Now, the criticism of the O.T. has advanced sufficiently to prove that the biblical records E-N bristle with the most intricate and serious difficulties, the extent of which is manifest in the widely-differing conclusions that prevail. As can be seen from other sources (see § 4, iv. c), the history of the Persian period is plunged in obscurity, upon which some light has only recently been shed by contemporary records (Babylonian inscriptions, Jewish-Aramaic papyri from Upper Egypt). It can no longer be assumed that the MT necessarily represents a more trustworthy record of the age, and that E is necessarily arbitrary and methodless. Both share fundamental imperfections. E, therefore, in any case deserves impartial consideration, and its problems involve those of E-N. These problems, owing to the absence of decisive and independent evidence, can be handled only provisionally; but enough is clear to permit the conclusion that E represents a text in some respects older than the present MT, to which, however, some attempt seems to have been made to conform it (cf. Ewald, 138 n. 6; Howorth, PSBA, xxiii. 306 seq.).

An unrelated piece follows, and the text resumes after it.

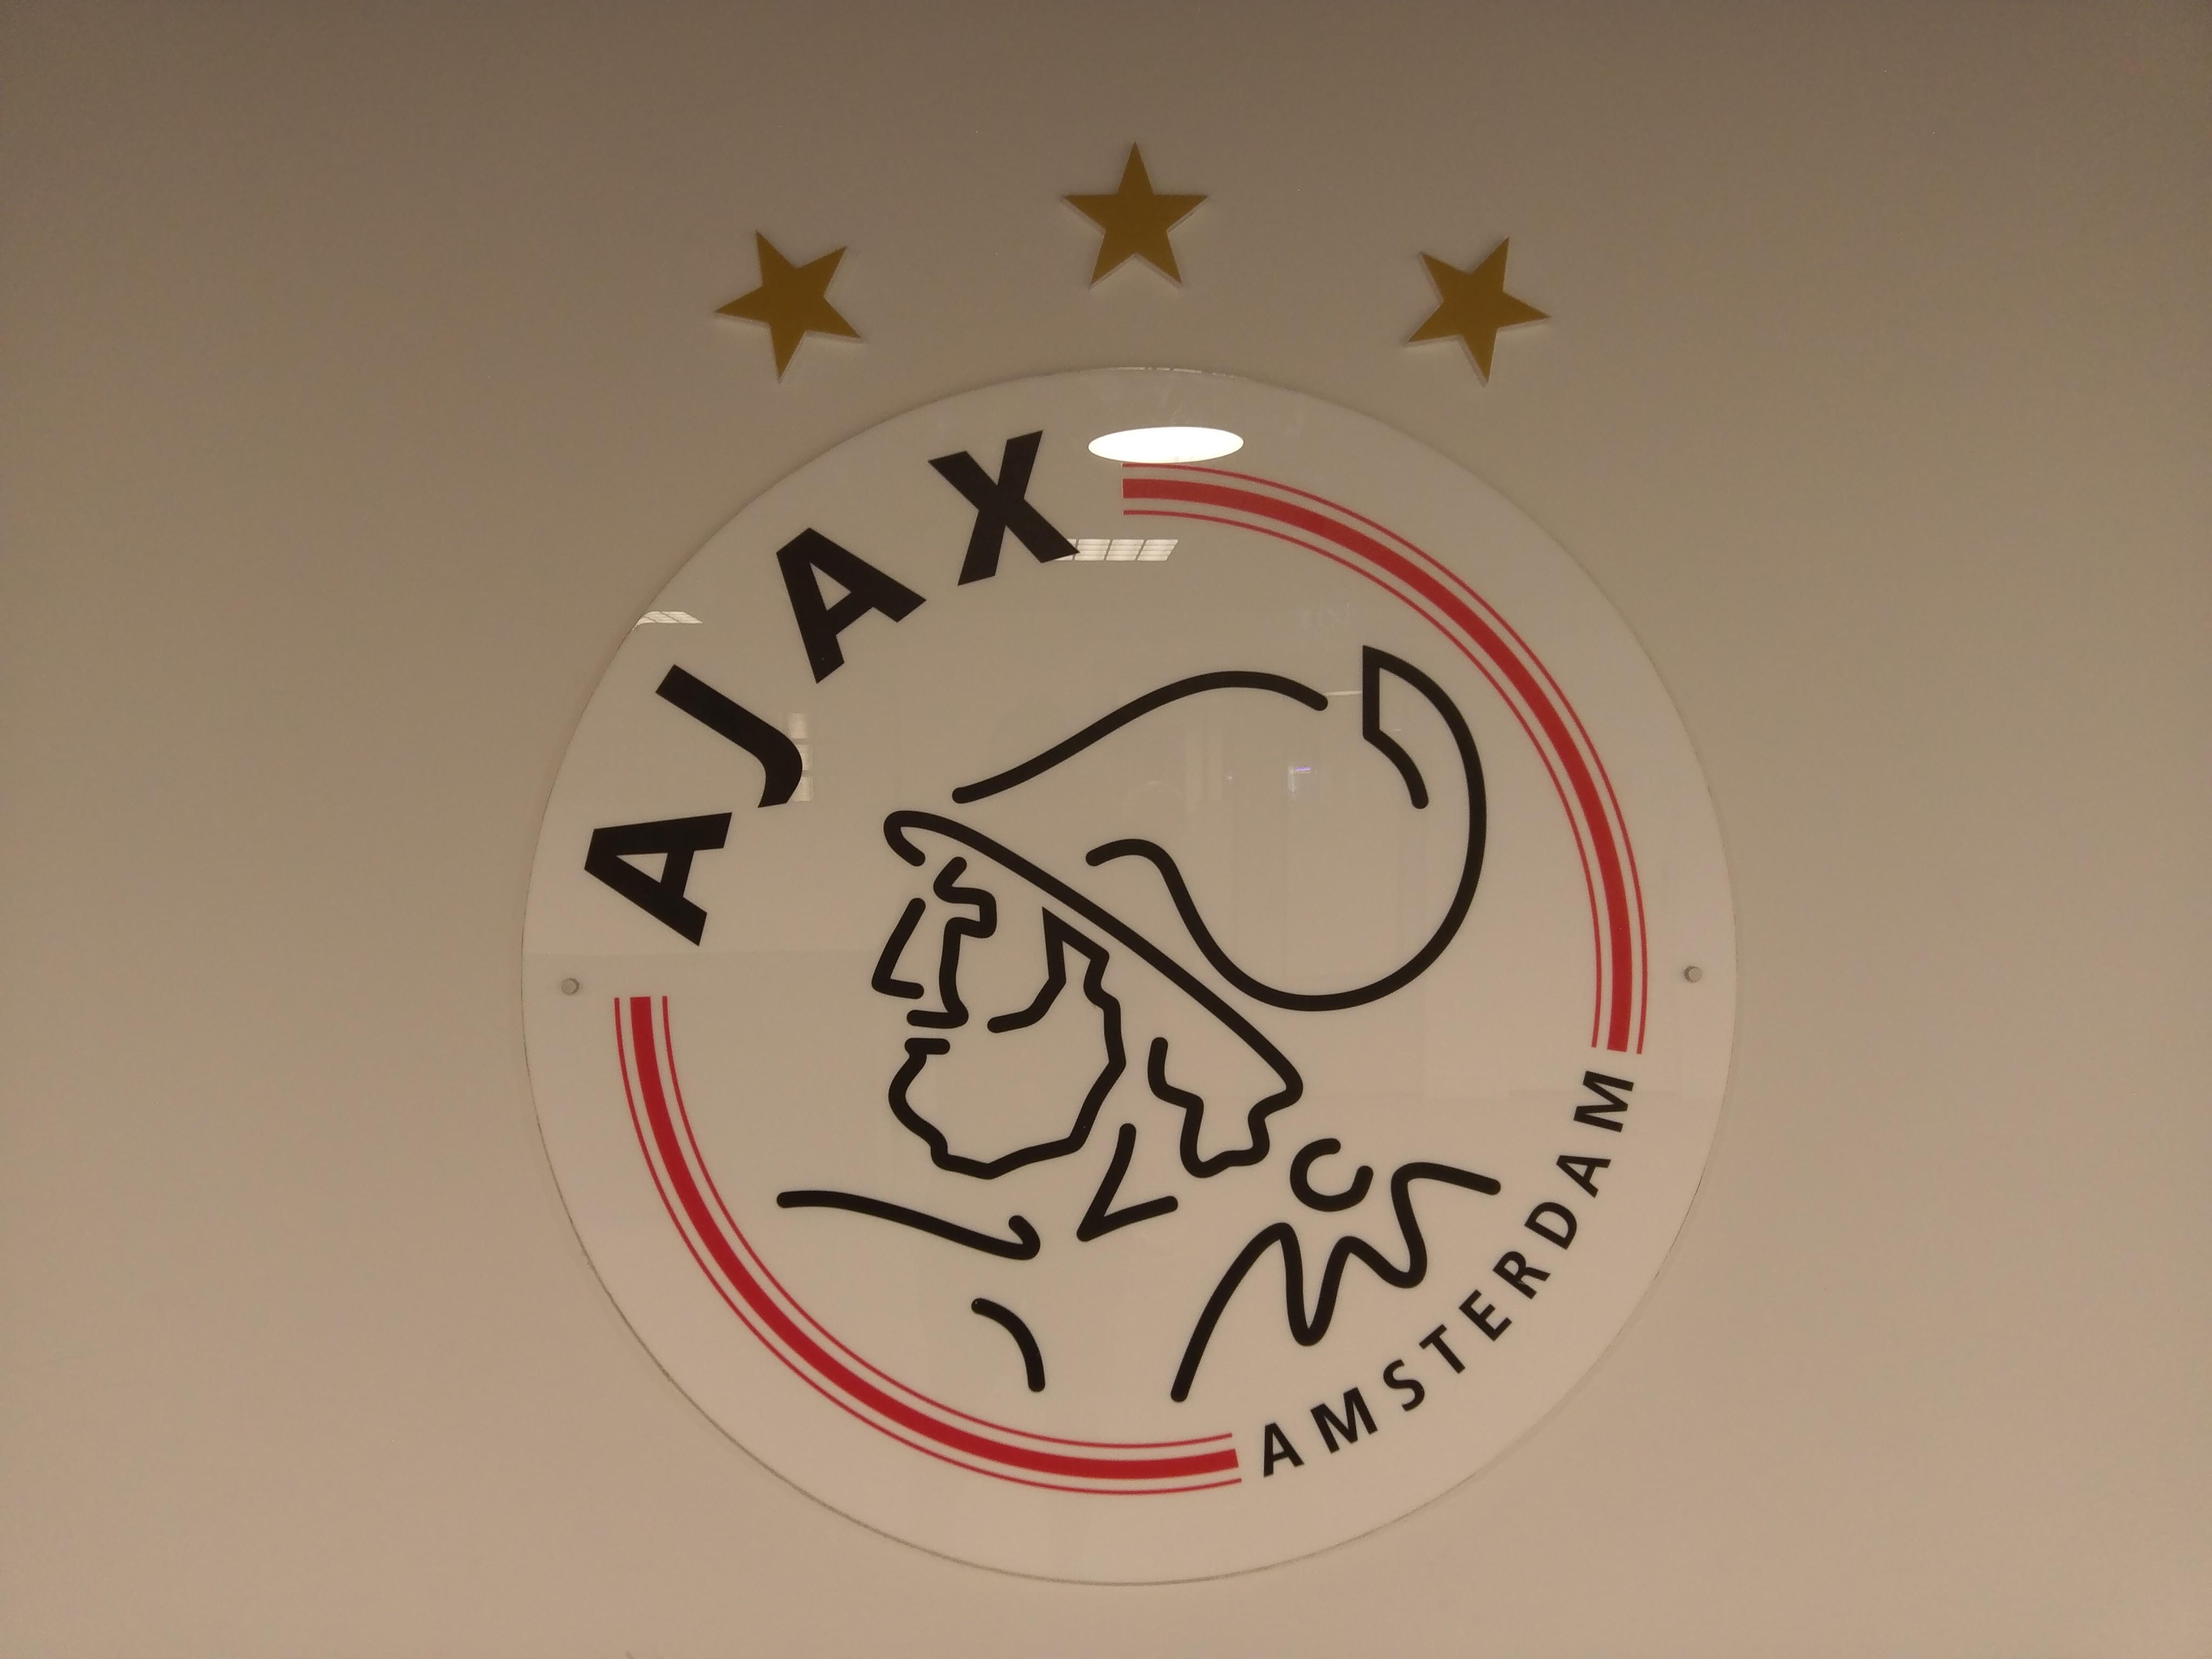 File:AFC Ajax logo inside Amsterdam Arena.jpg.

From a comparison of both with Jos. and other sources (notably Daniel) it would further appear that E represents one of the efforts to give an account of a period, the true course of which was confused and forgotten, if not intentionally obscured; different attempts were made to remove difficulties and inconsistencies, and the desire to give greater prominence to the priestly Ezra than to the secular governor Nehemiah is probably responsible for the arrangement of the extant texts.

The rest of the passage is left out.